Task details:
Output, word for word and without pictures, the lines from the one containing "Giorgio Armani 189" through the final line of the listing below.

Given material:
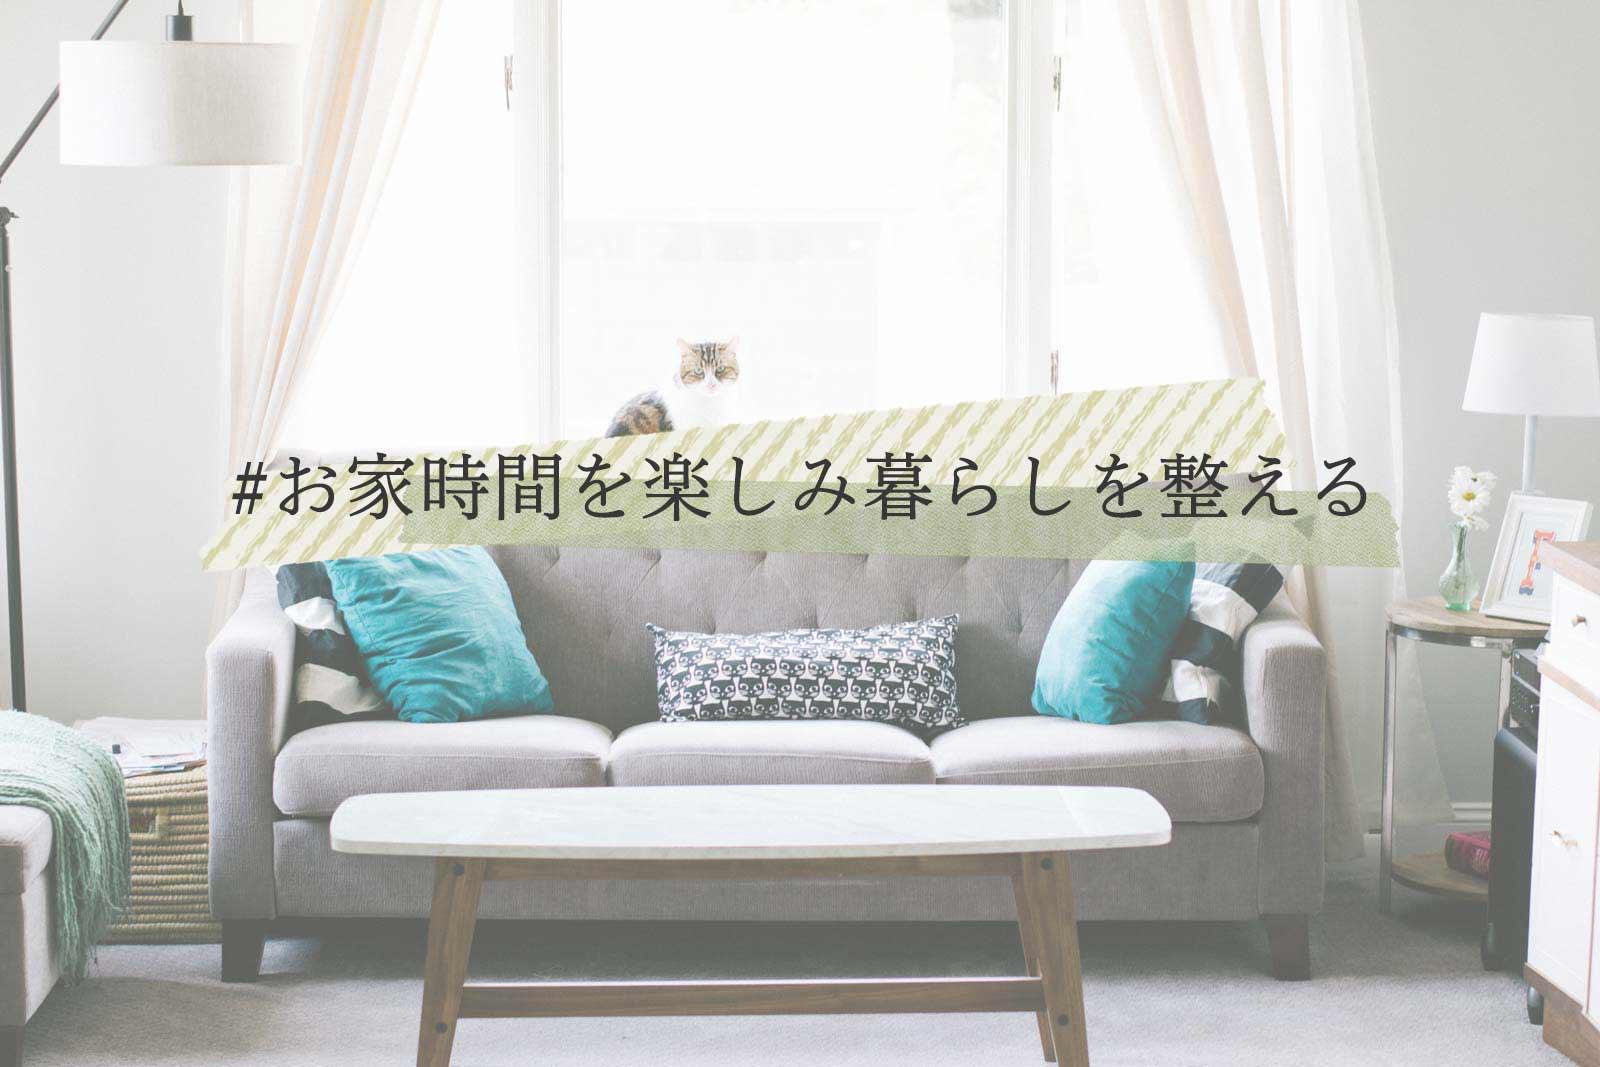 #お家時間を楽しみ暮らしを整える
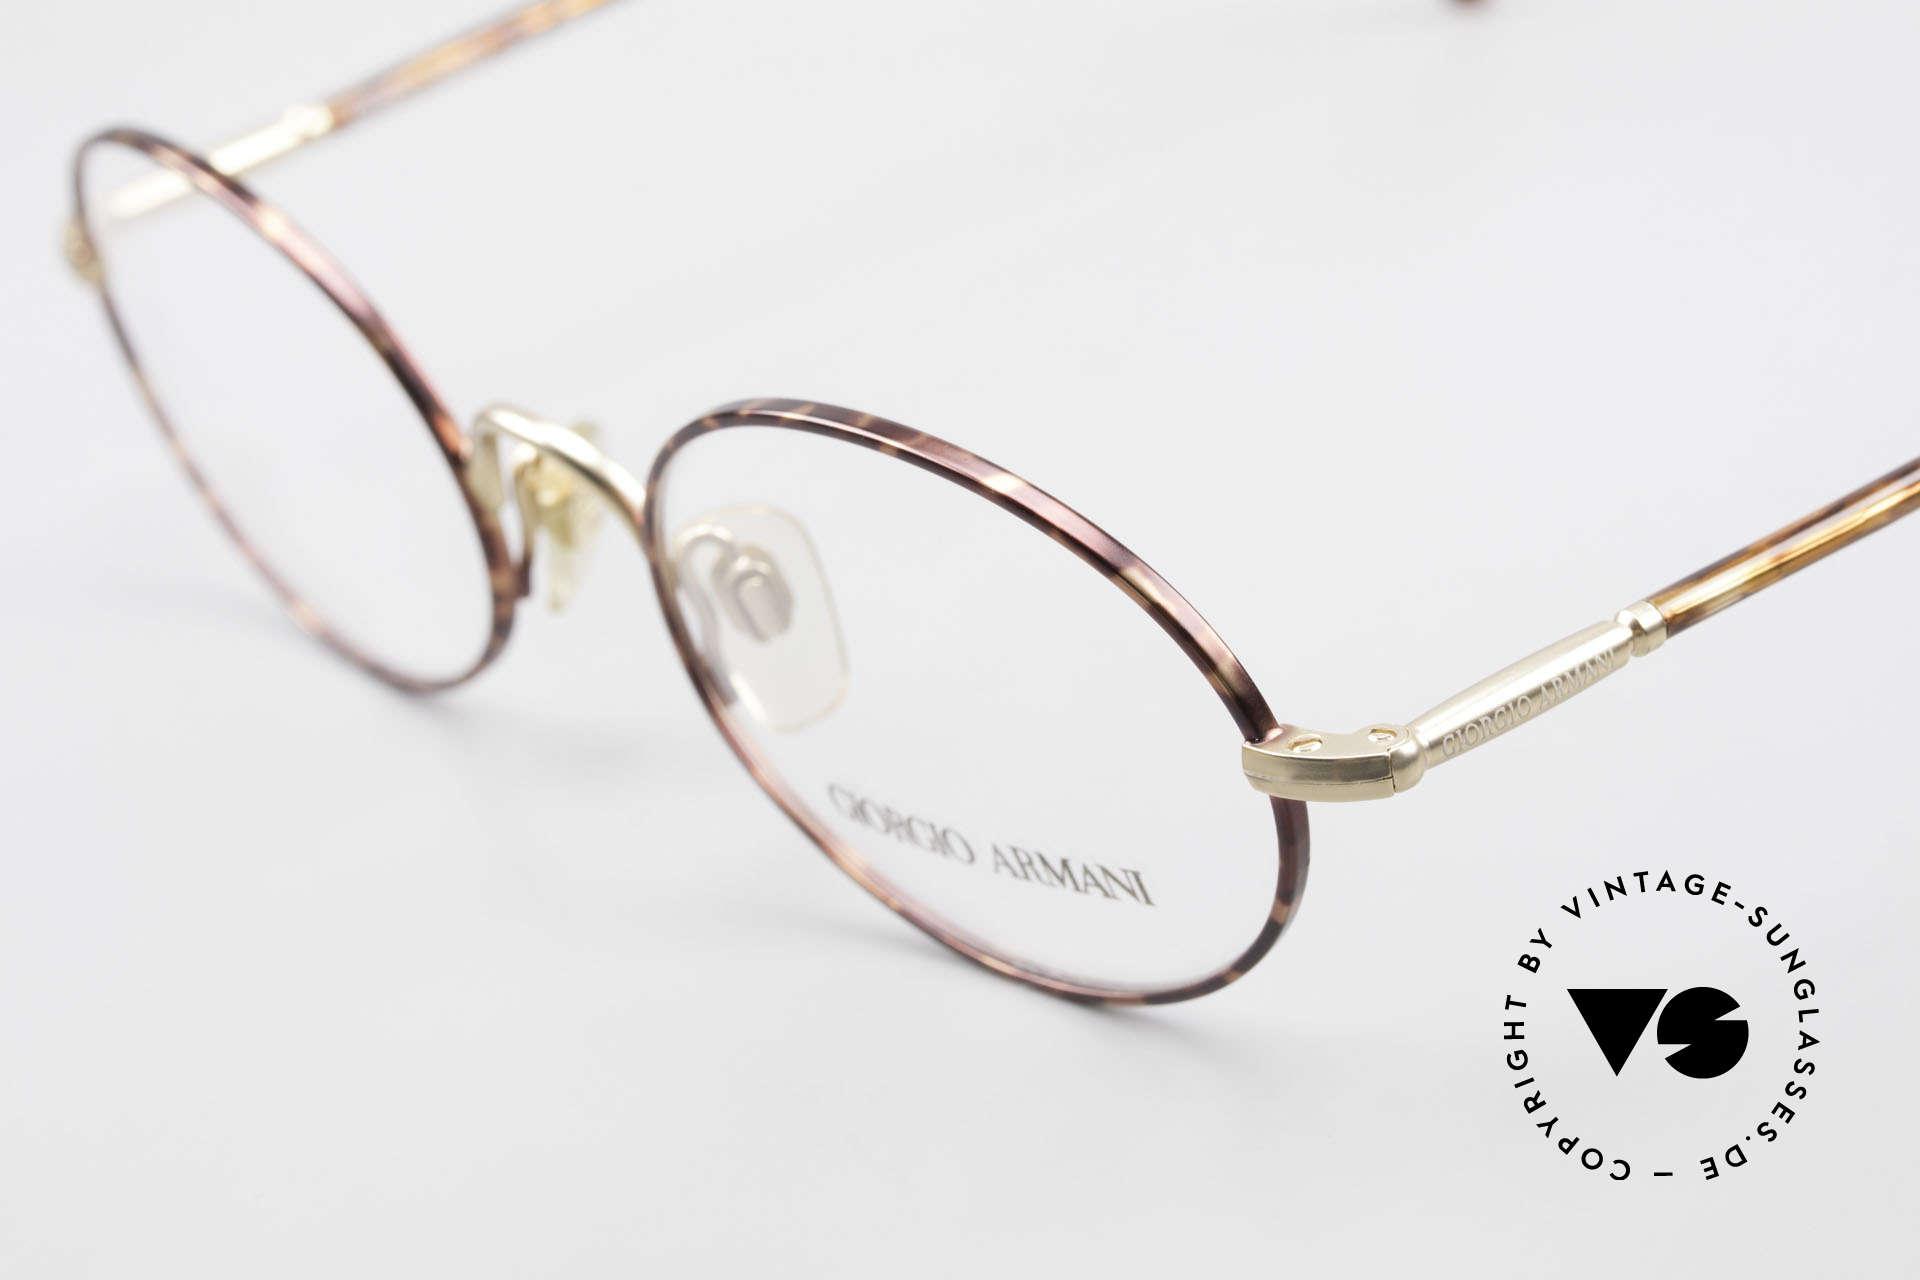 Giorgio Armani 189 Ovale Designerbrille 1990er, ungetragen (wie alle unsere vintage Designerbrillen), Passend für Herren
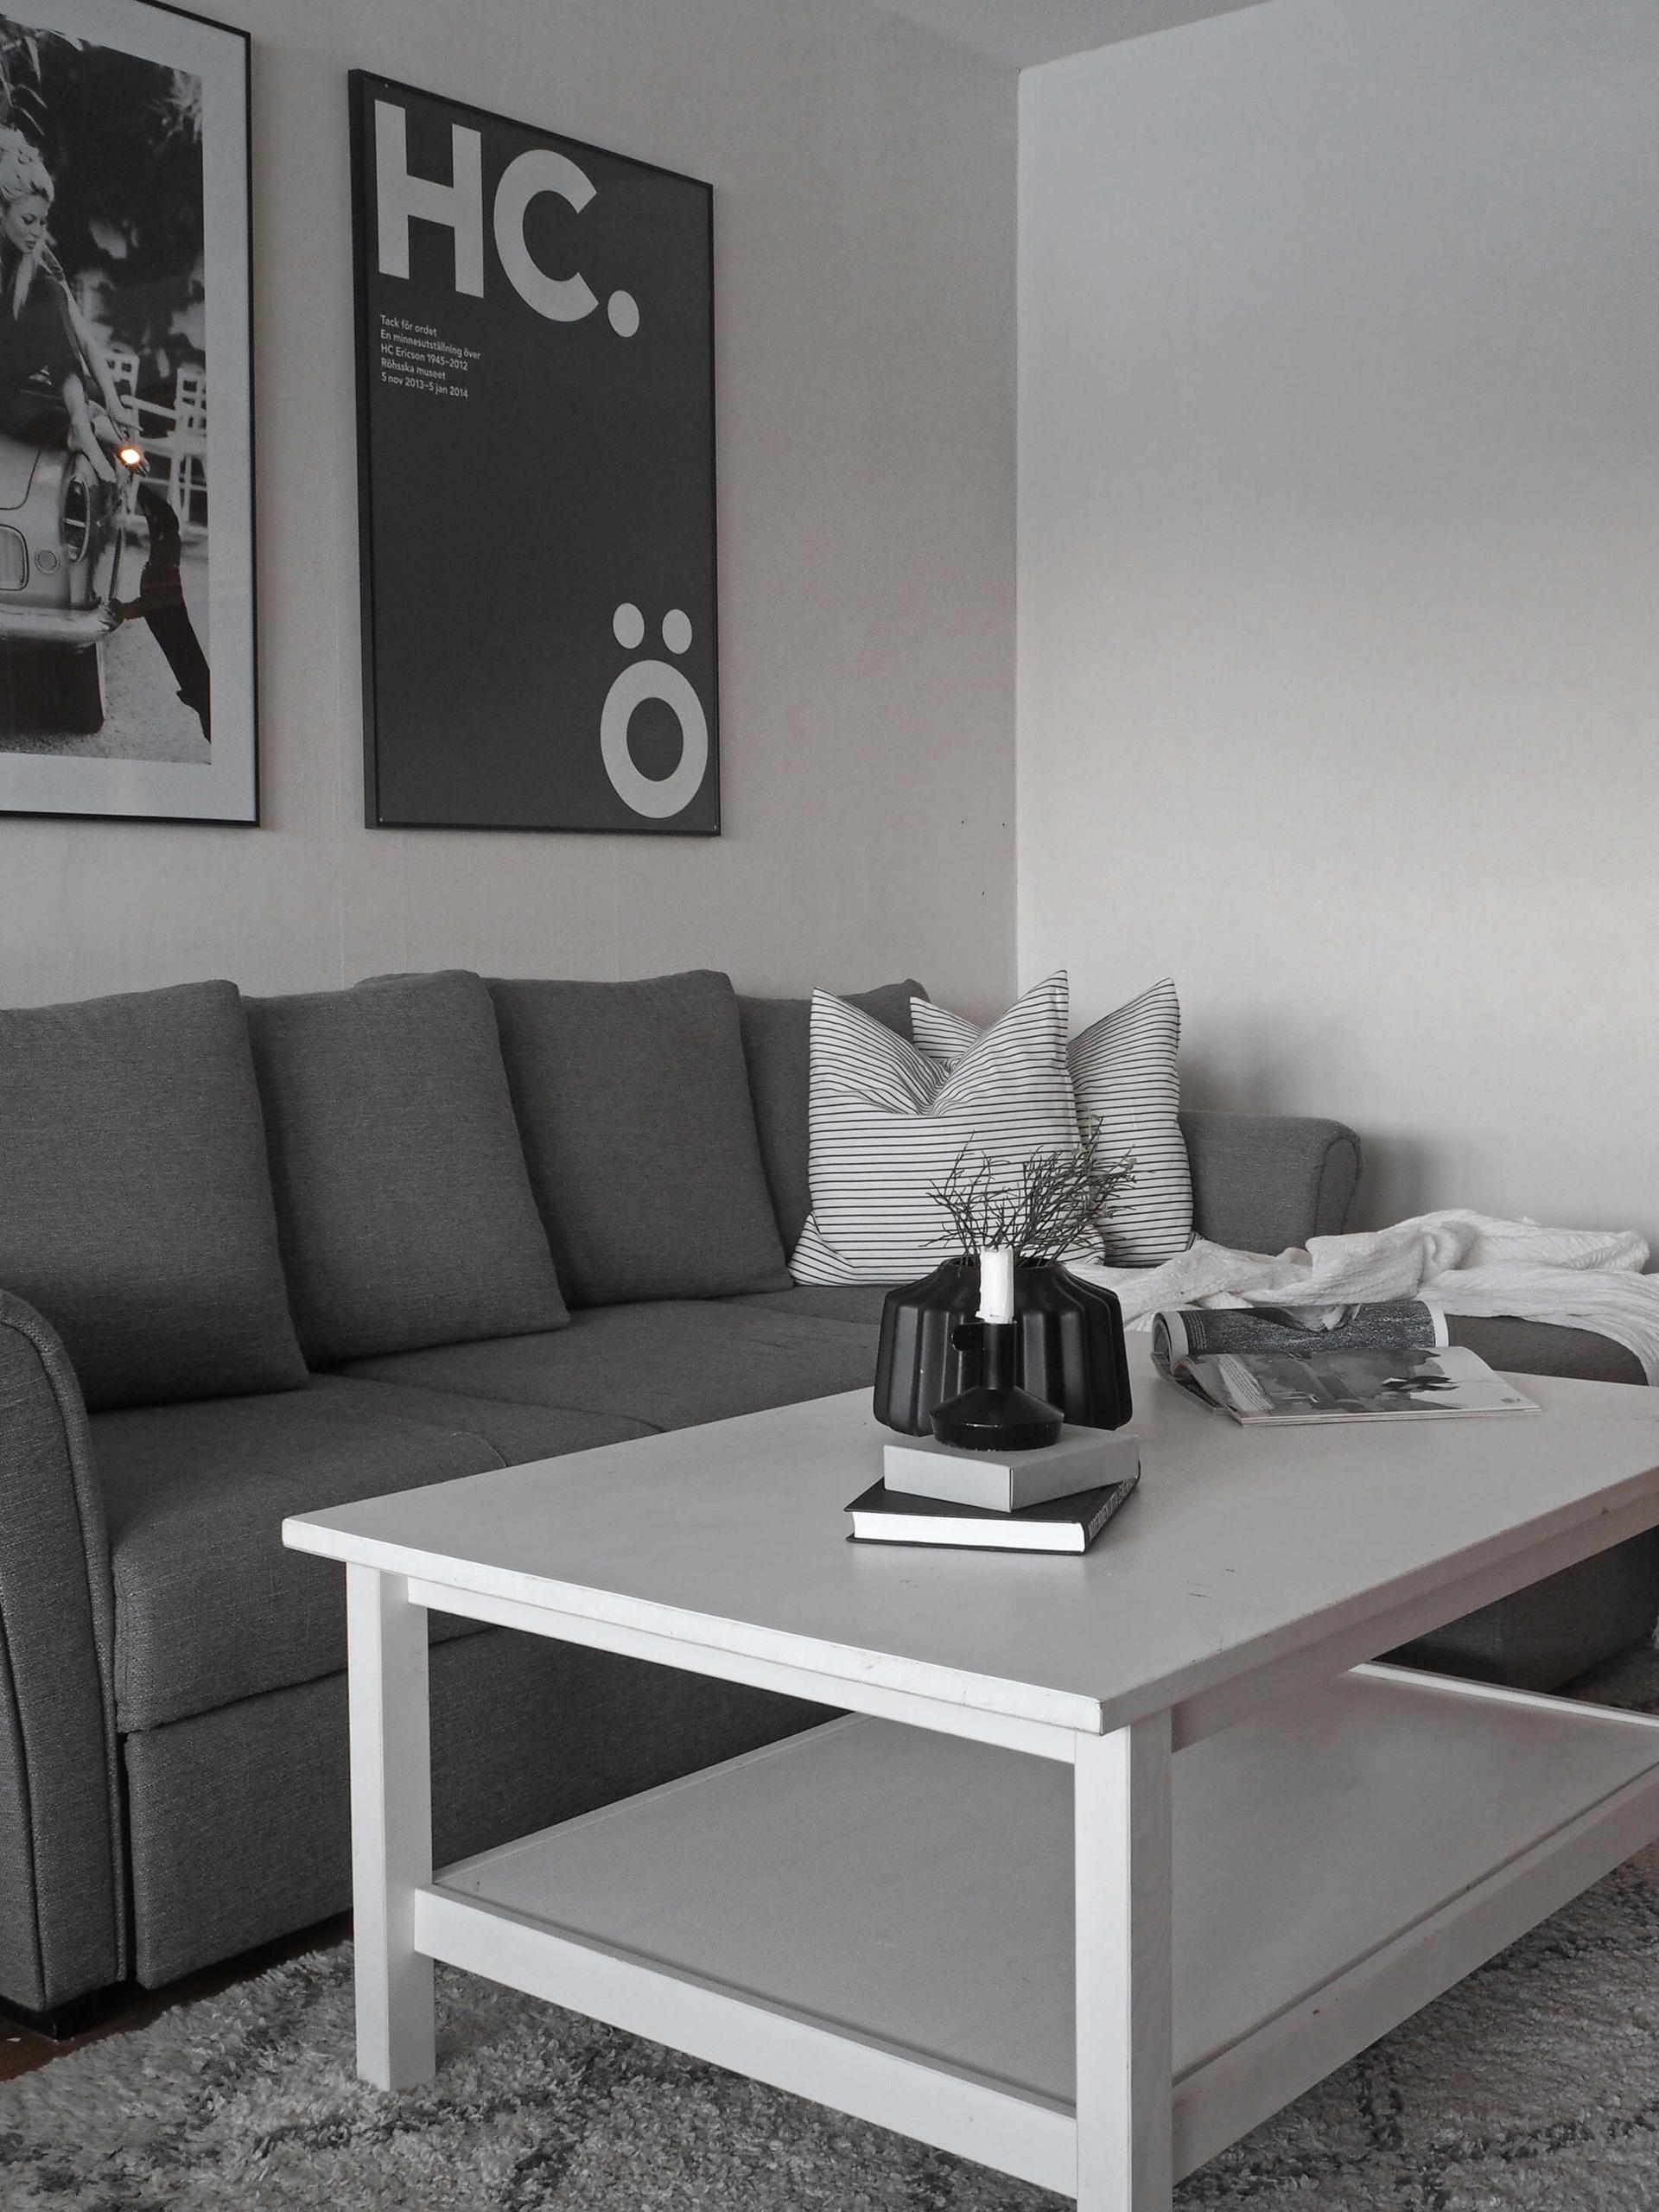 Inredning Homestyling Styling Skellefteå Inredningskonsult Emelie Jäder Fanny Granström Stylat.nu Stylat

Result for this exercise:
 Giorgio Armani 189 Ovale Designerbrille 1990er, ungetragen (wie alle unsere vintage Designerbrillen), Passend für Herren
 Inredning Homestyling Styling Skellefteå Inredningskonsult Emelie Jäder Fanny Granström Stylat.nu Stylat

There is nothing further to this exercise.